Apart from that, approximately 150 psig pressure difference between confining pressure and injection pressure is set to ensure that the collected data is valid and not corrupted due to the gas seeping through the core casing holder that confined the core. So the hypothesis that 'the lighter the core, the higher the porous volume inside it'. R5 high permeability value is the highest may due to the connection of the pore space inside the core.

The sheath holding the core or the confining pressure will compress the core to ensure that no injection gas is released into the vicinity of the core. The compression of the core can affect the size of the porous space. 1990), caution should be exercised when comparing core analysis data generated under different stress conditions, especially at low voltage values. Thus, the effect of this variation needs to be addressed because in the next step of the project, the Benchtop Permeability System equipment will apply a trapping pressure of about 1000 psig to the core.

It is proven from the graph that there are changes in the pore space of the core when a differential confining pressure is applied. Although there are changes that occur in the pore space of the core, the changes are considered small and can be neglected. A biaxial stress state is a state where stresses are uniformly applied in two directions only by confining the core in a rubber sleeve.

The bubble produced is an indication that the brine solution is replacing the air within the pore space of the core. This method of holding the cores is essential to ensure that the brine within the pore space of the core does not evaporate into the surrounding environment thereby reducing the saturation value. Based on the porosity and permeability result from the PoroPerm equipment supported by the saturation result, it has been decided that the core to be selected for the WAG experiment is the B1 core.

Permeability Experiment Using BPS-850 before WAG

In Figure 4.5, the flow rates used to determine the fluid permeability are 1.5 cc/min, 2.5 cc/min, and 3.5 cc/min. Based on Figure 4.6, it has been determined that the permeability at liquid value for B1 core is 21.9 mD.
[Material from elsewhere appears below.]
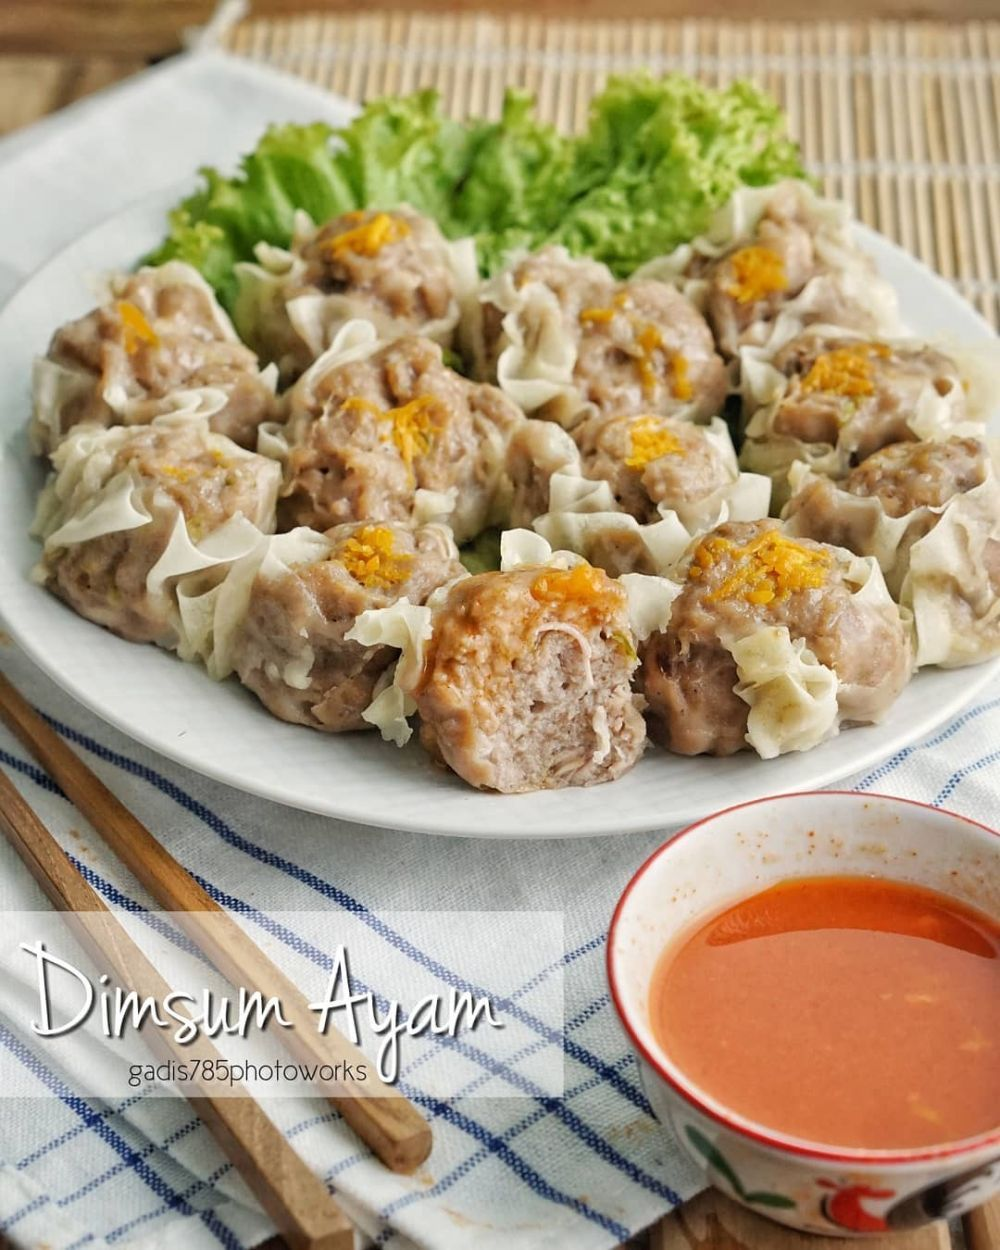 Resep Dimsum C 2020 Brilio Net Resep Masakan Cina Resep Resep Makanan Cina

B1 PERMEABILITY DETERMINATION

Water Alternating Gas Experiment: Single Core
Water Alternating Gas Experiment : Composite Core
Permeability Experiment Using BPS-850 After WAG
Discussion

Figure 4.7 shows the graph of brine mass and pressure difference in relation to the time of brine injection before gas injection. From Figure 4.7 it can be seen that the core has become saturated with brine because the breakthrough of the first drop of brine from the outlet is in the early minutes. From Figure 4.8 we can observe that the core is saturated with brine because the breakthrough of the first drop of brine from the outlet is also in the early minutes.
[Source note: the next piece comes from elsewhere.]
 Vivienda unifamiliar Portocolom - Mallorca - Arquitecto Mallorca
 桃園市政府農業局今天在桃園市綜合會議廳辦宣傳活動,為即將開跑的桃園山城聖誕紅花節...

The graph in Figure 4.8 also shows that the outflow rate gradually decreases at about 5 grams of brine. From Figure 4.9, we can see that the time required for the first drop of brine is about 5 minutes. Figure 4.10 is a plot of differential pressure versus time for brine injection prior to gas injection using a composite core.

Figure 4.10 also shows the brine mass recovery graph during brine injection when using a composite core. From the graph in Figure 4.10, we can see that the time required for the first drop of brine is longer compared to the graph in Figure 4.7. Figure 4.11 shows a graph of differential pressure versus time for gas injection into the composite core.

Figure 4.11 also shows the plot of mass of brine collected during gas injection for the composite core. Figure 4.12 shows the plot of differential pressure versus time during brine injection for the composite core. From figure 4.12, we can observe that the time taken for the first drop of brine is about 5 minutes.

From the figure 4.15 we can observe that for the composite core, the recovery flow rate of brine is slower compared to the single core. Based on figure 4.16, we could observe that the recovery for composite core yields a lower mass compared to single core. From the figure 4.17 we can note that for the composite core, the recovery flow rate of brine is slower compared to the single core.

Figure 4.18 shows the overall efficiency of each core in terms of brine recovery. It can be observed in Figure 4.18 that there is an overall stable brine recovery rate for brine injection before and after gas injection.